The relationship of Blastocystis with stress has not been widely studied. The microbiota may mediate the relationship with the parasite since colonization by Blastocystis has been associated with greater diversity and richness of bacteria. These characteristics have been considered as indicators of ecosystem stability and human health [13, 14]. In some studies, the presence of Blastocystis has been associated with a greater abundance of Firmicutes and other orders and genera, in contrast to Bacteroidetes, which are more abundant when this parasite is absent [8]. Besides, University students are a population subject to high psychological stress [29], which can be exacerbated by their poor lifestyle [30] and diet [31, 32]. For this reason, our objective was to analyze the relationship of colonization by Blastocystis and its subtypes 1–4 and 7 on the gut microbiota in university students by the Firmicutes/Bacteroidetes ratio, and on chronic stress by measuring academic stress, perceived stress, and cortisol levels.
Materials and Methods
Sample Collection
The study has a cross-sectional design; the sampling was non-probabilistic and was conducted between March and October 2018. University students of the medical surgeon and nutrition program were invited to participate. The study was approved by the Ethics Committee of the Faculty of Health Sciences from Universidad Juárez del Estado de Durango (PI-01–2018). The participants received information about the study and, subsequently, they signed an informed consent form. Later, they answered a digital format's gastrointestinal symptoms questionnaire, with of multiple-choice questions based on Rome III diagnostic criteria [33]. Exclusion criteria were the presence of chronic degenerative diseases and have received any pharmacological treatment and having dyed the hair in the last three months before the study.
Measurement of Diet
Anthropometric characteristics of height and weight were recorded by a trained nutritionist. The students were questioned about their physical activity to proceed with the application through online platforms of a semi-quantitative food frequency questionnaire validated by Macedo et al. in 2013, which analyzes the average daily intake of food and nutrients in a year [34].

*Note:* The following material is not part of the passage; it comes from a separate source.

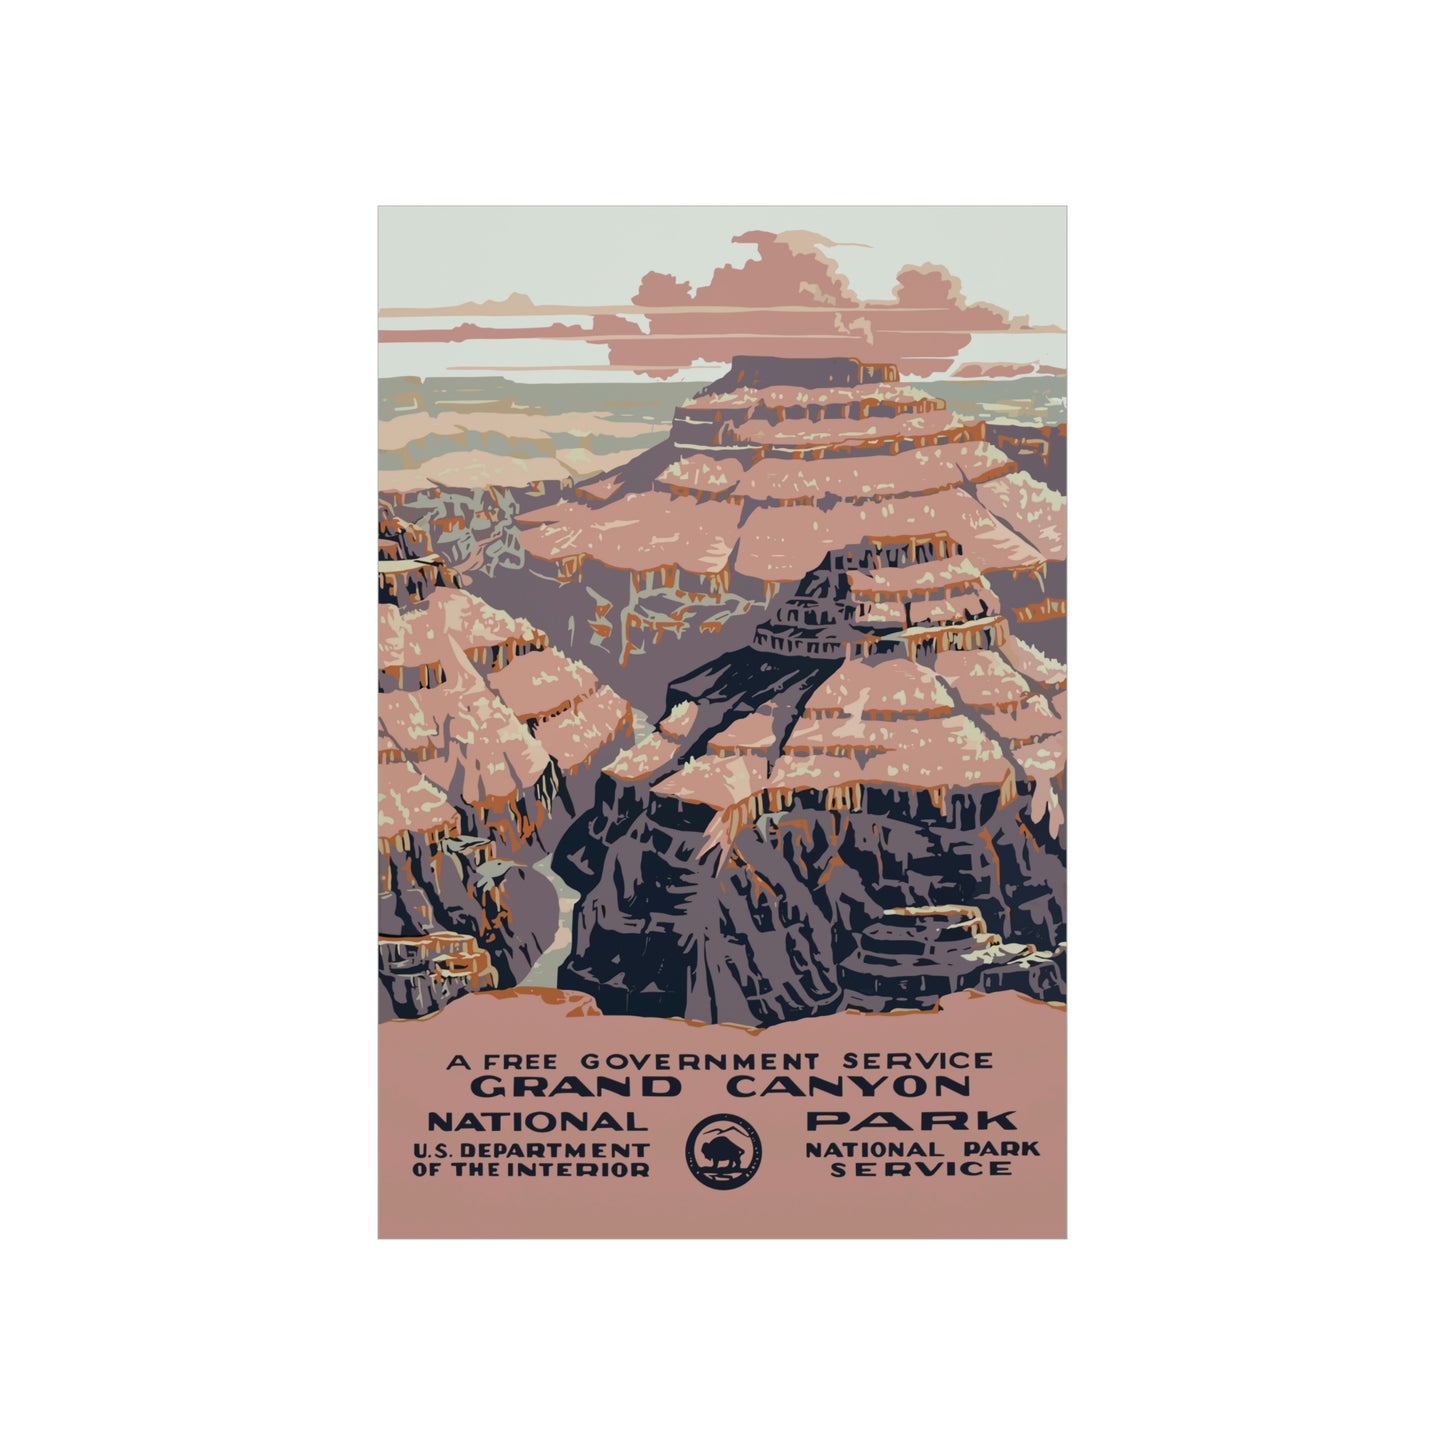 Grand Canyon National Park Poster - Vintage WPA Design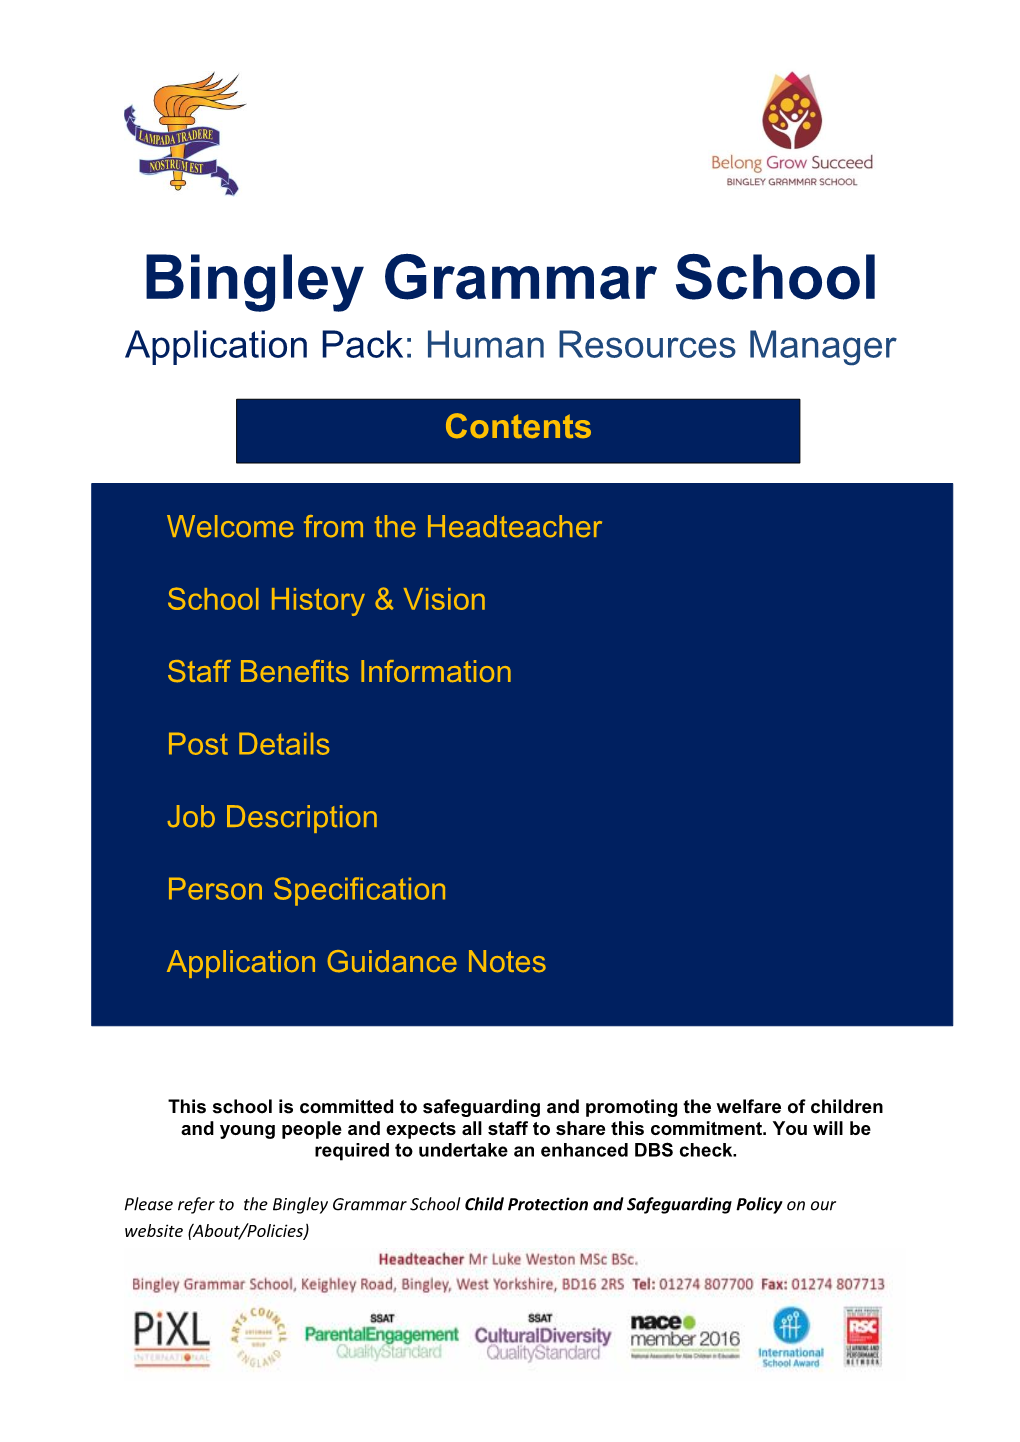 Bingley Grammar School Application Pack: Human Resources Manager

Blastocystis Identification
Parasitological Examination
Feces samples were collected in containers with 10% formaldehyde for coproparasitoscopic exams in triplicate. Each microscopic identification of Blastocystis was carried out on a different day of the deposition. A modified Ritchie technique was performed to prepare the samples to be observed later under the microscope with 10 × and 40 × objectives.
DNA Extraction
To confirm the microscopy diagnosis, Polymerase Chain Reaction (PCR) was used to detect Blastocystis and subtypes. A fresh sample was dispensed into a DNAse and RNAse-free sterile bottle and kept under refrigeration until transport to the laboratory, stored at − 20ºC until use. The extraction of nucleic acids from 200 mg of faeces was carried out using the E.Z.N.A.® Stool DNA Kit (USA). DNA concentration and purity were determined using NanoDrop 1000 Thermo Scientific (Saveen Werner ApS®, Denmark).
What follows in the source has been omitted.